• _EXERCISE_: Starting at the line that contains "Hombre con camiseta", print each line exactly through the end of the listing. Skip any pictures and add nothing.

• _GIVEN RECORDS_:

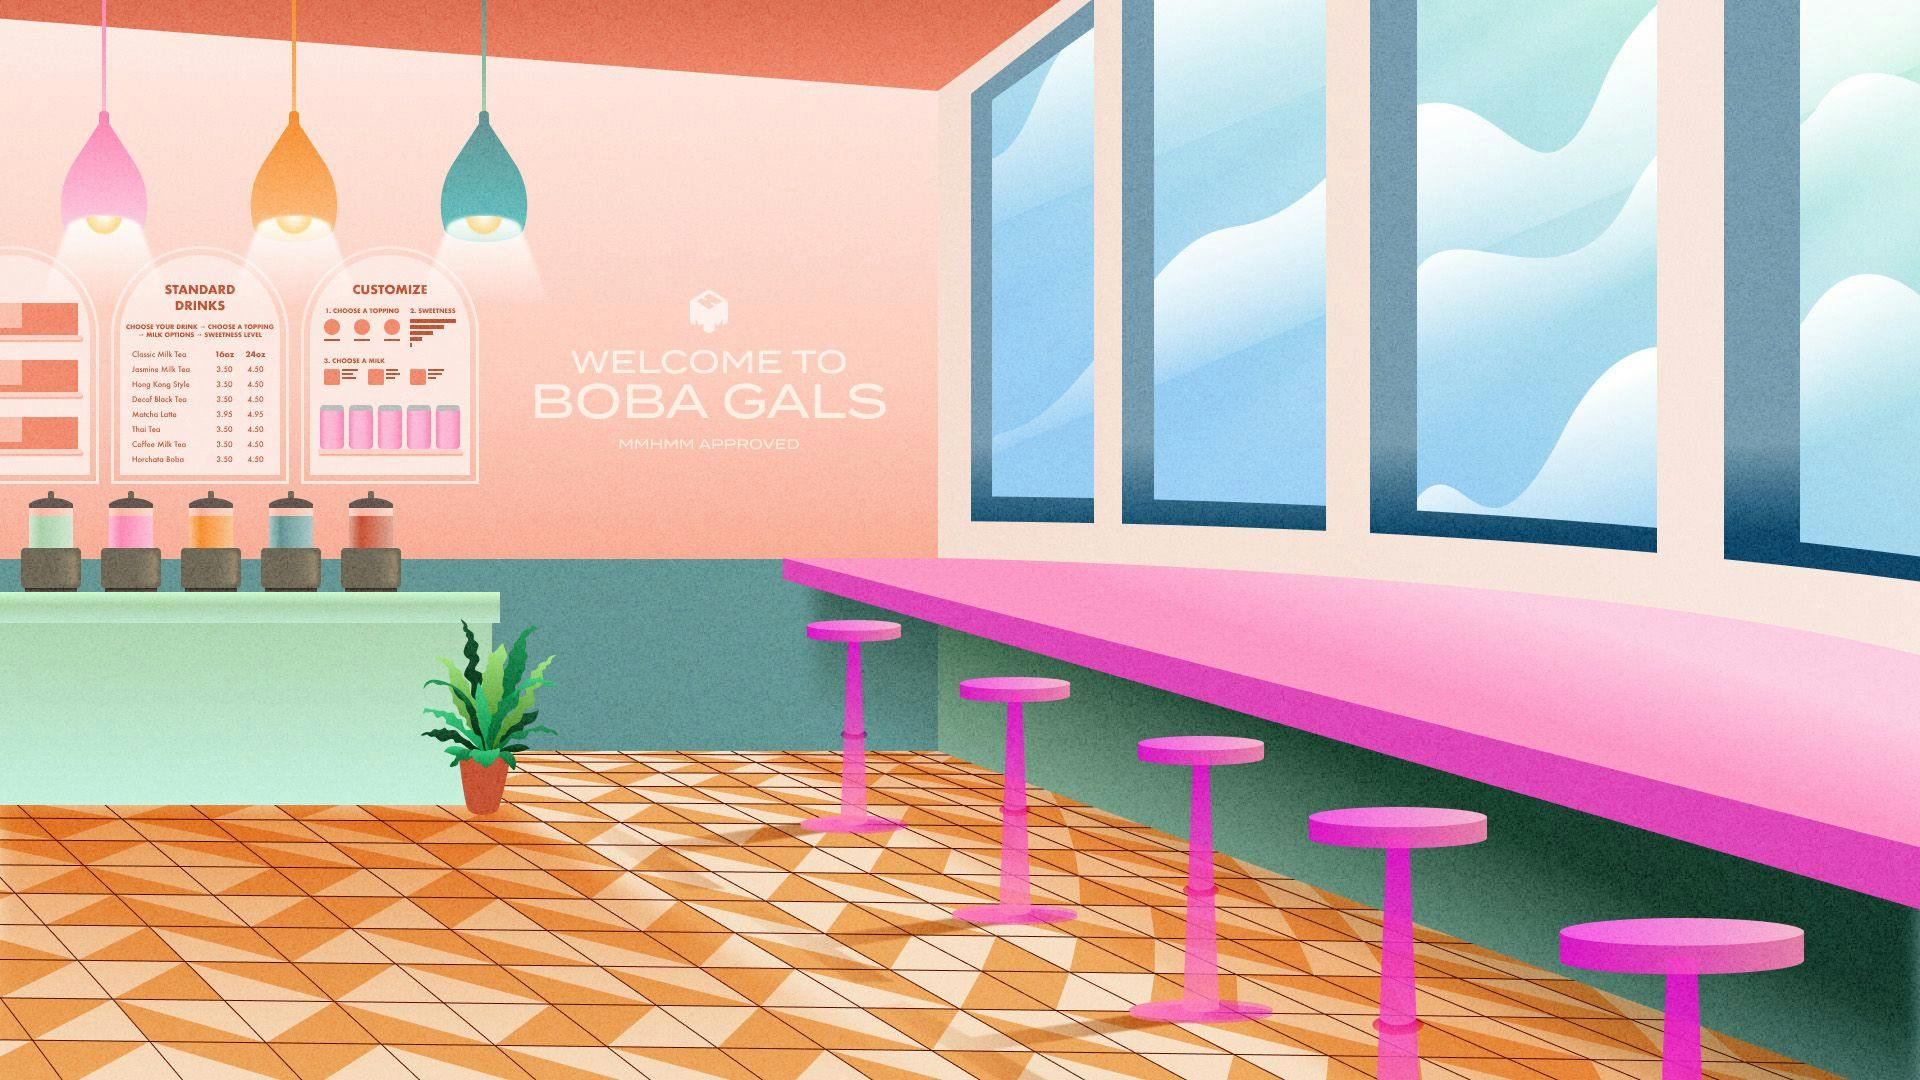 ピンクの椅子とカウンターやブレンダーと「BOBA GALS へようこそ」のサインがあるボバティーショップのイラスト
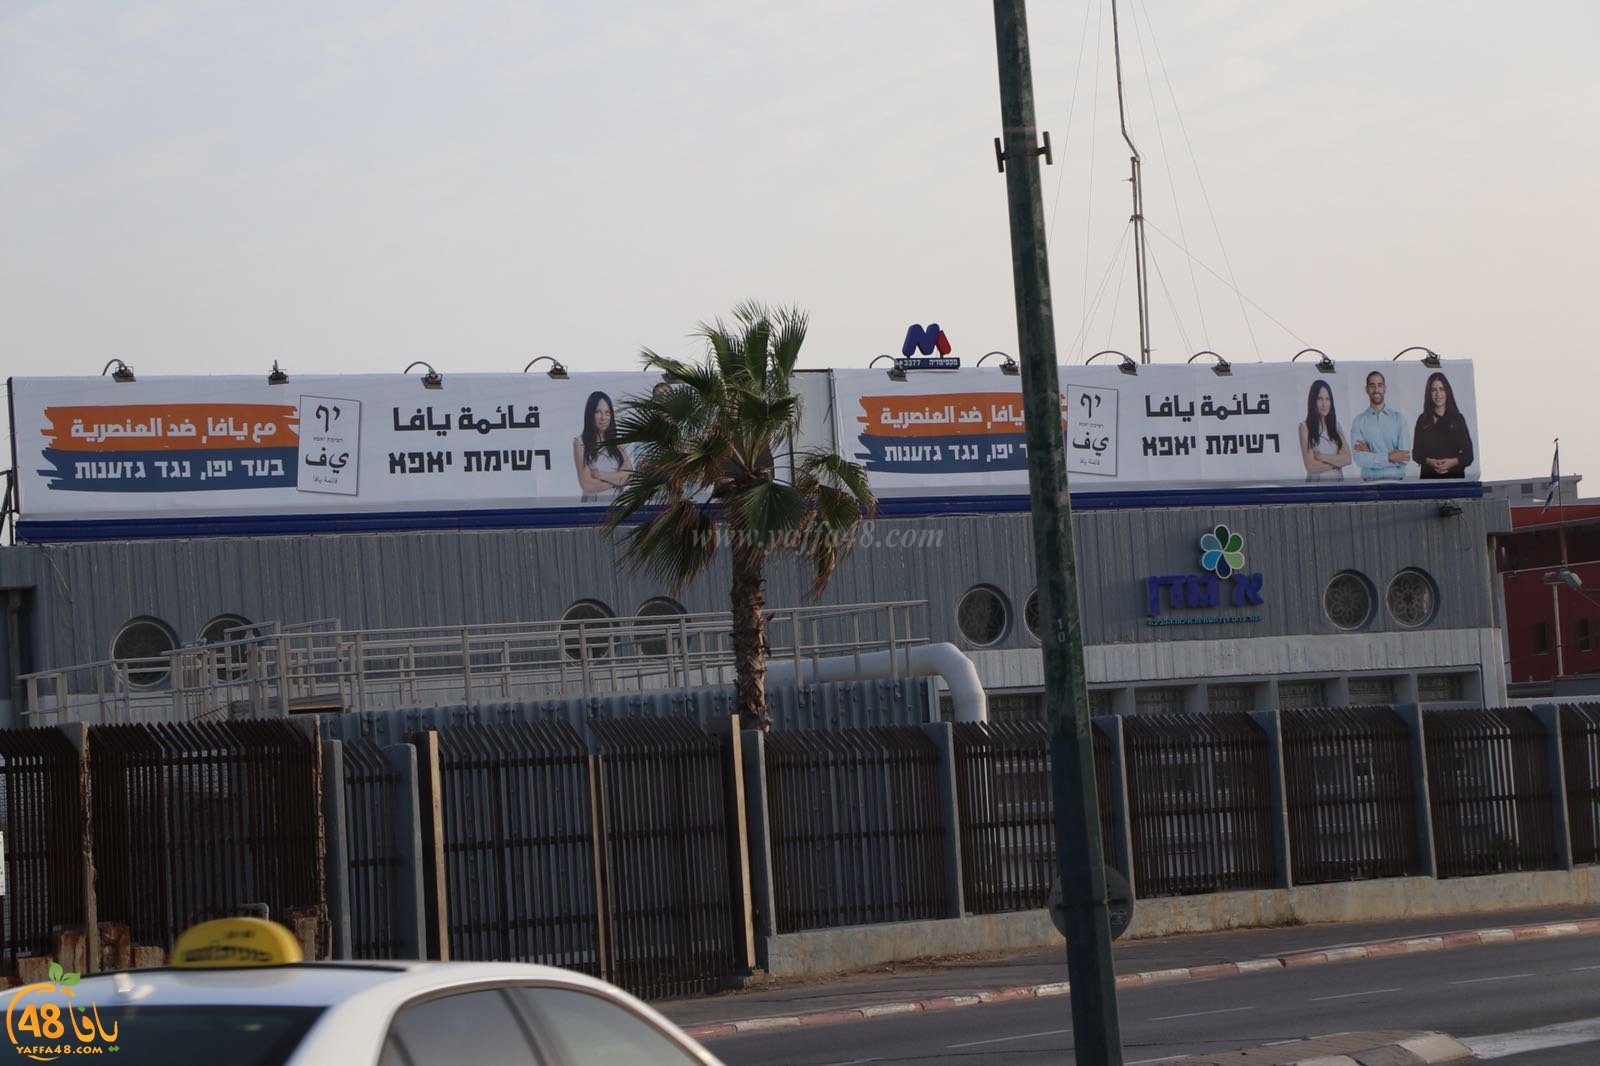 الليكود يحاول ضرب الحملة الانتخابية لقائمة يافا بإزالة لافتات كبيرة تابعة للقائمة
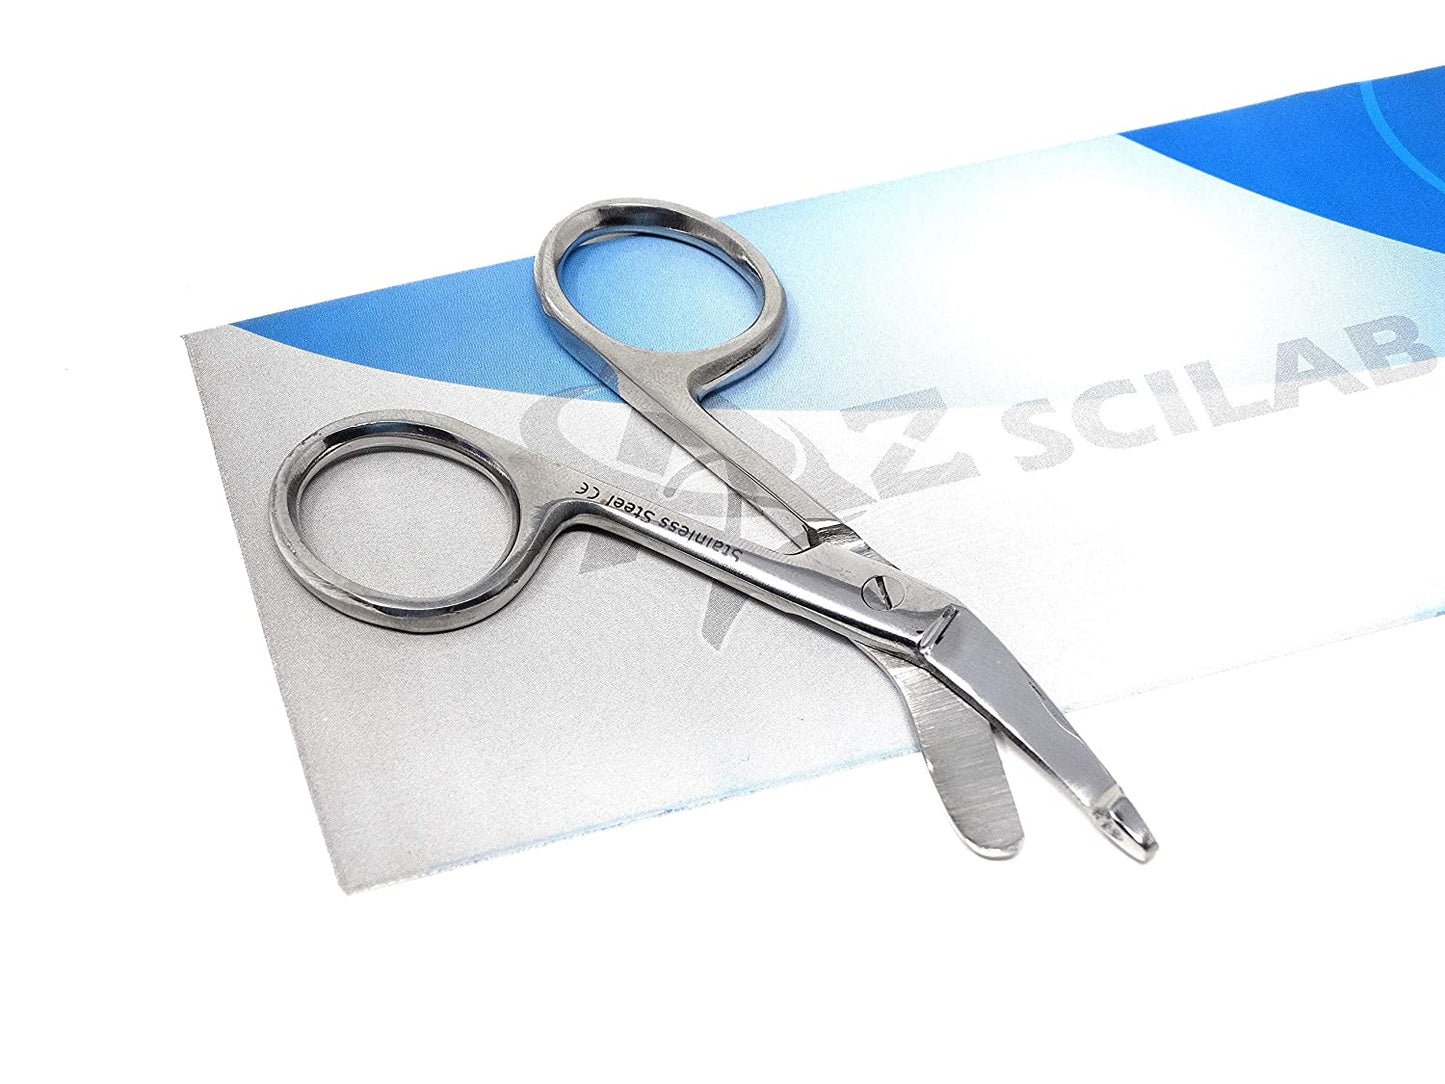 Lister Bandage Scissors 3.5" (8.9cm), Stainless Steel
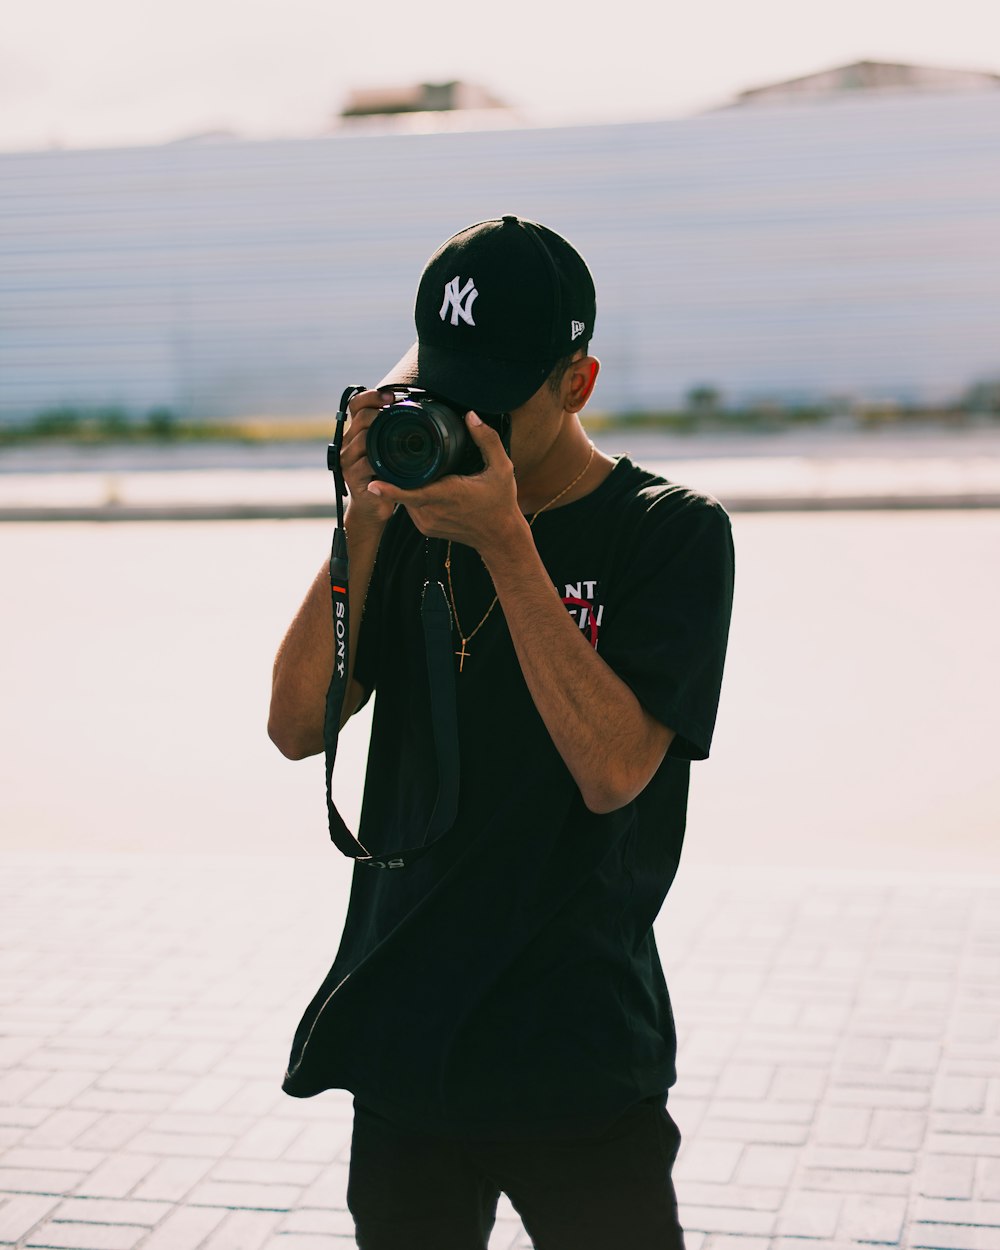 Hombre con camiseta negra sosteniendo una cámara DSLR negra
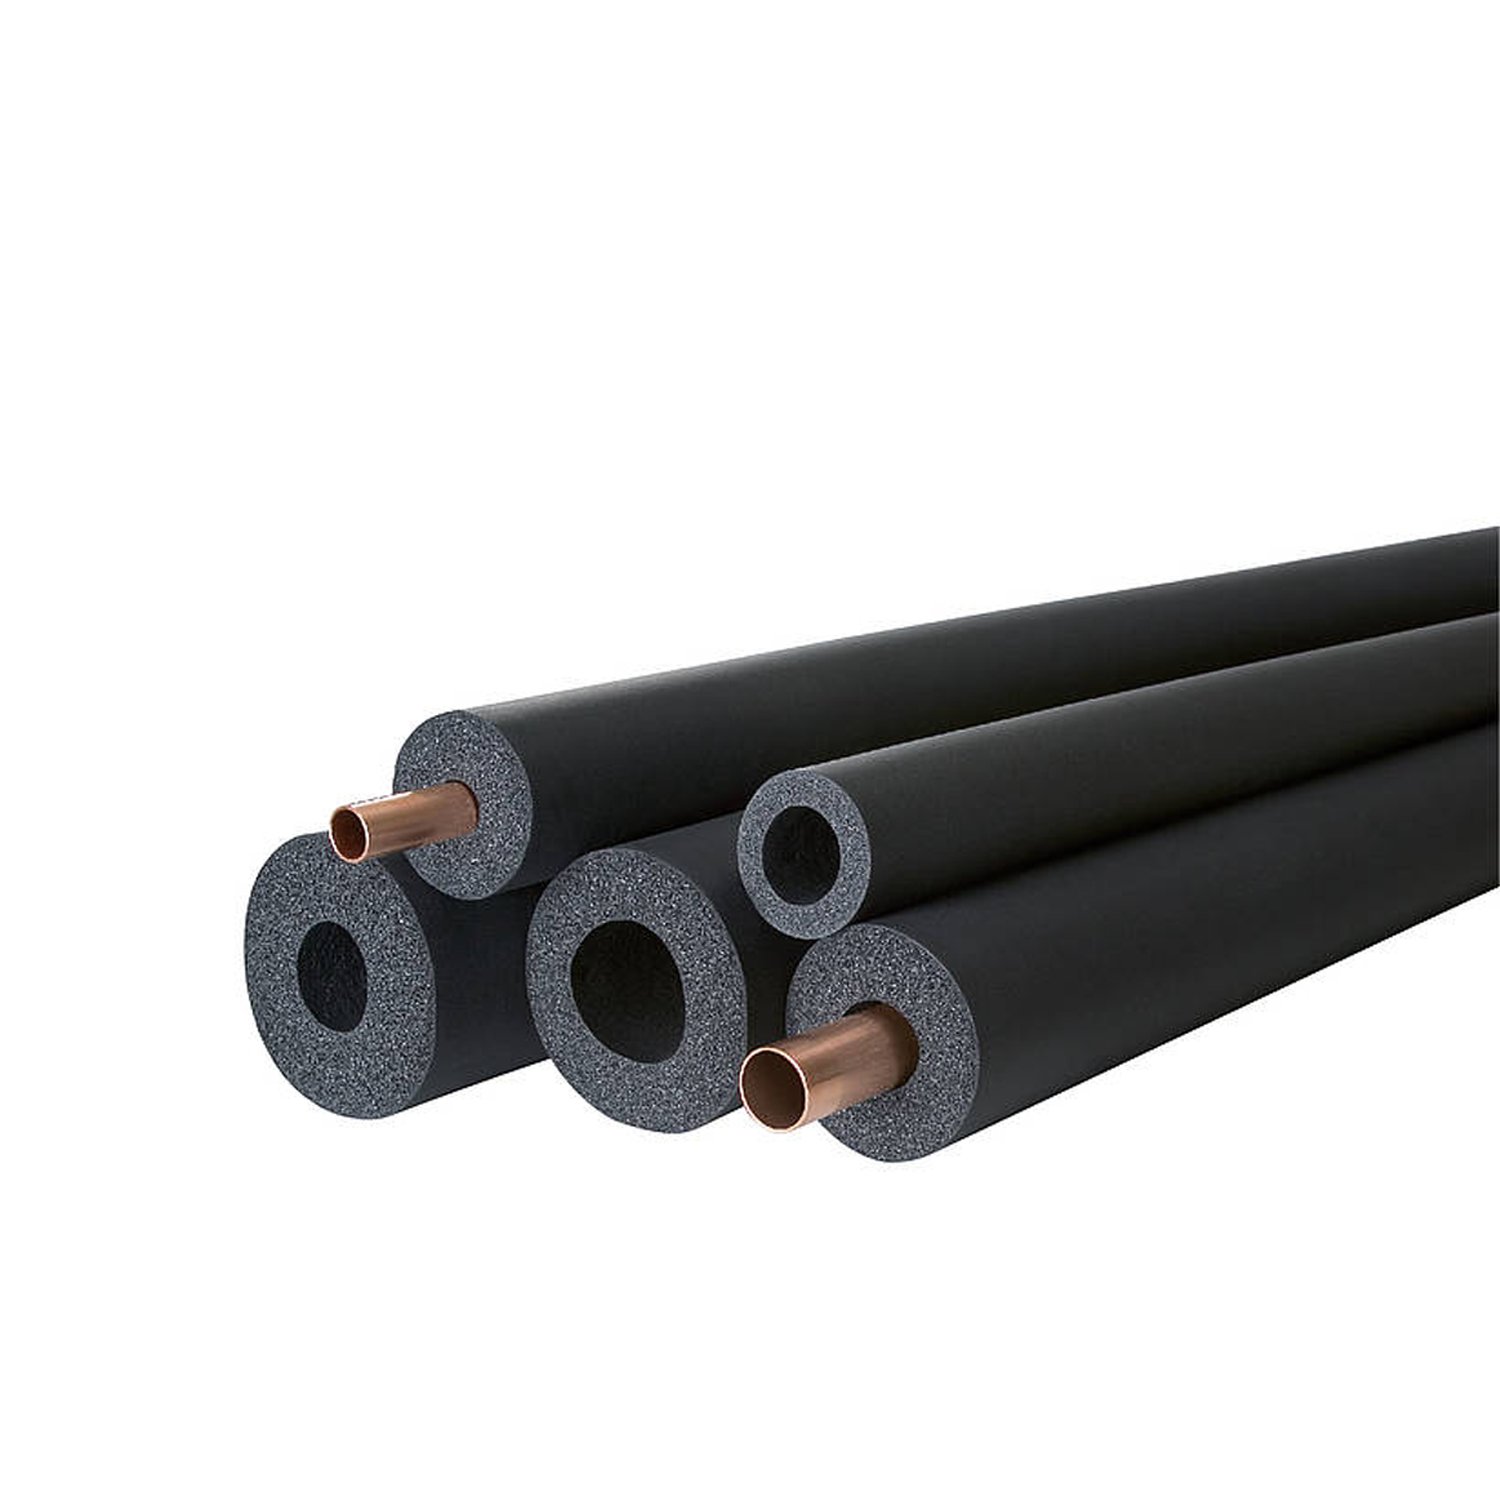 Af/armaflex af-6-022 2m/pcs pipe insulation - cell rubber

• _OUTPUT FOR THIS TASK_:
 Hombre con camiseta negra sosteniendo una cámara DSLR negra
 Af/armaflex af-6-022 2m/pcs pipe insulation - cell rubber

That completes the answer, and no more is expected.